— PROBLEM REQUIREMENTS —
The required result is an exact copy of every line from the one with "Schott Zwiesel Tritan" through the last line below, with the pictures left out.

— DATA PROVIDED —
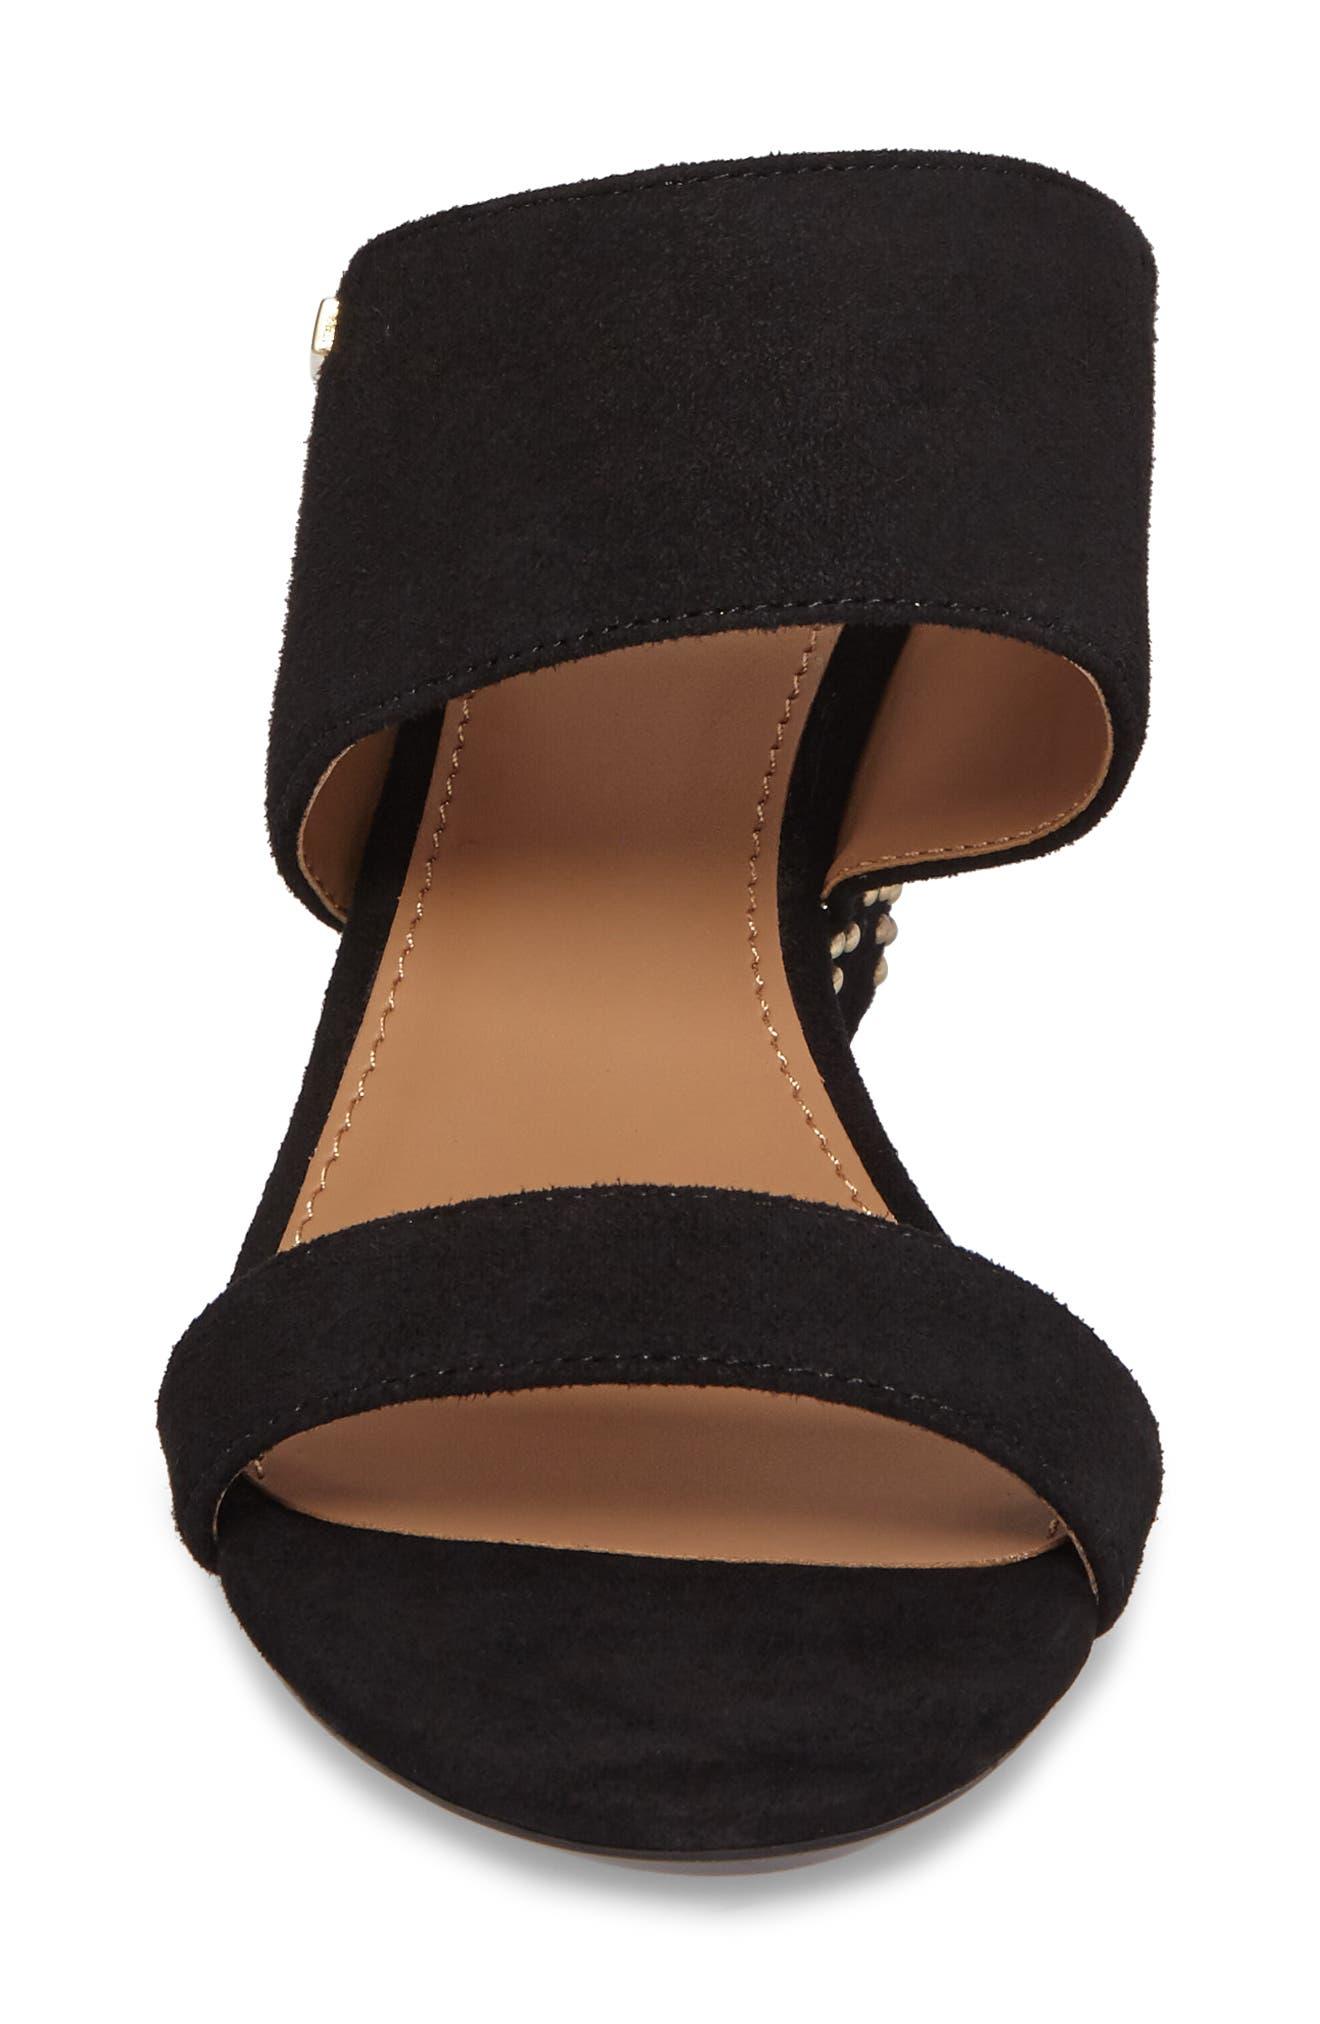 Phyllis Studded Wedge Sandal,                             Alternate thumbnail 13, color,
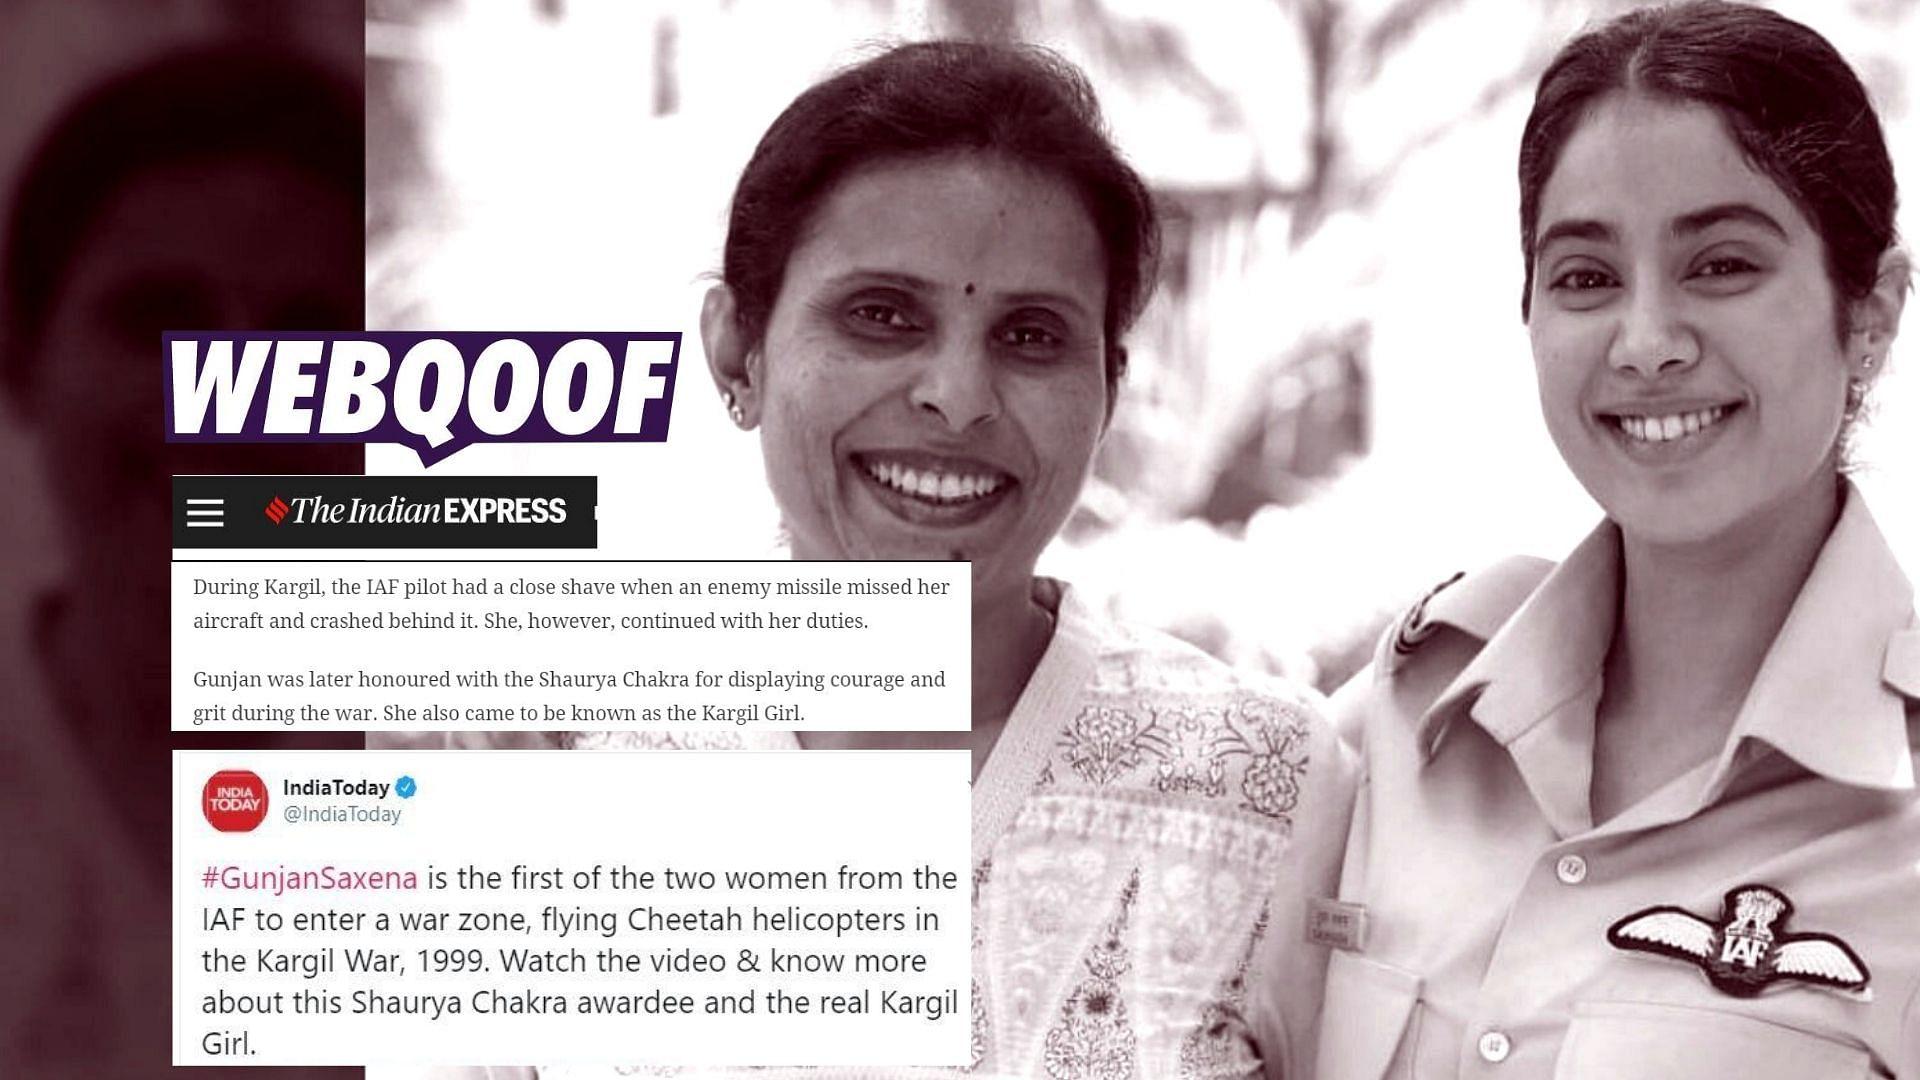 Fact Check Neither Did Gunjan Saxena Claim Nor Is She A Shaurya Chakra Awardee
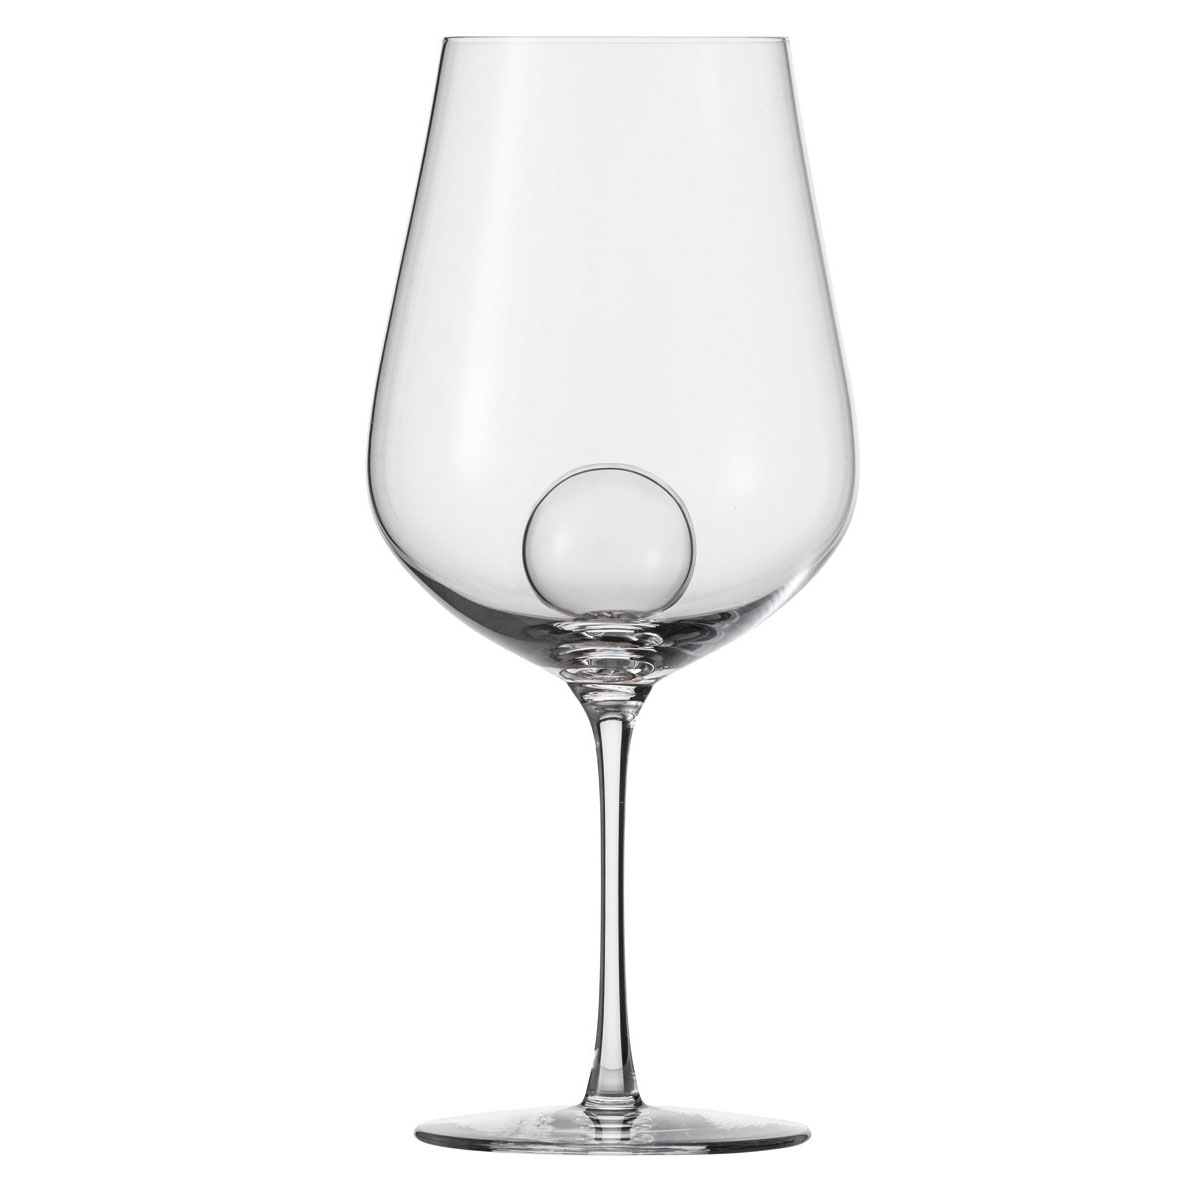 Schott Zwiesel Tritan Crystal, 1872 Air Sense Crystal Red Wine Glass, Single
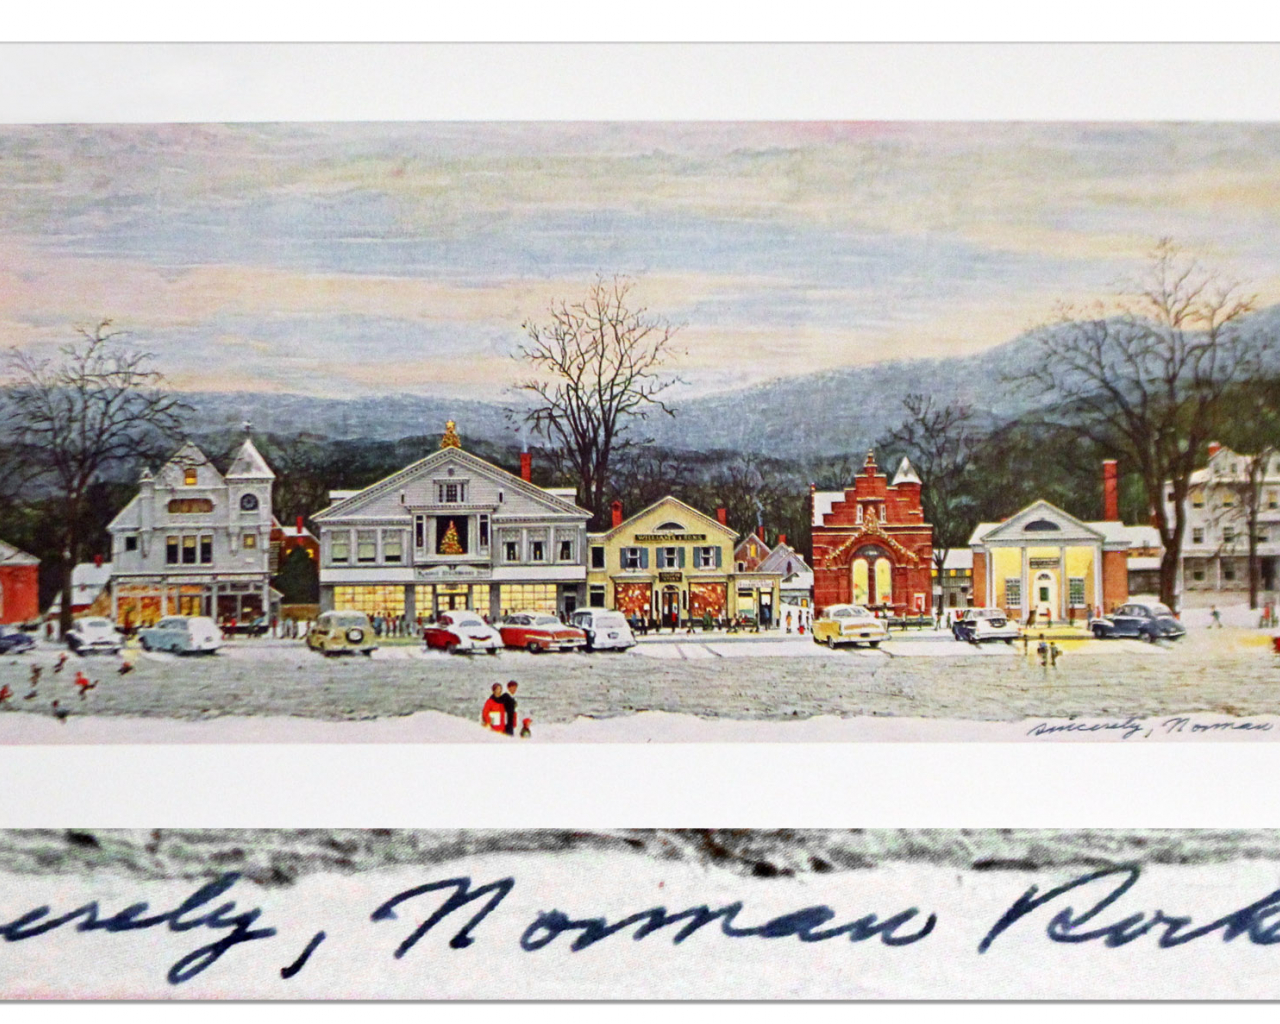 2520x1187px Norman Rockwell Christmas Wallpaper Free - WallpaperSafari

— WRITTEN SOLUTION —
 Schott Zwiesel Tritan Crystal, 1872 Air Sense Crystal Red Wine Glass, Single
 2520x1187px Norman Rockwell Christmas Wallpaper Free - WallpaperSafari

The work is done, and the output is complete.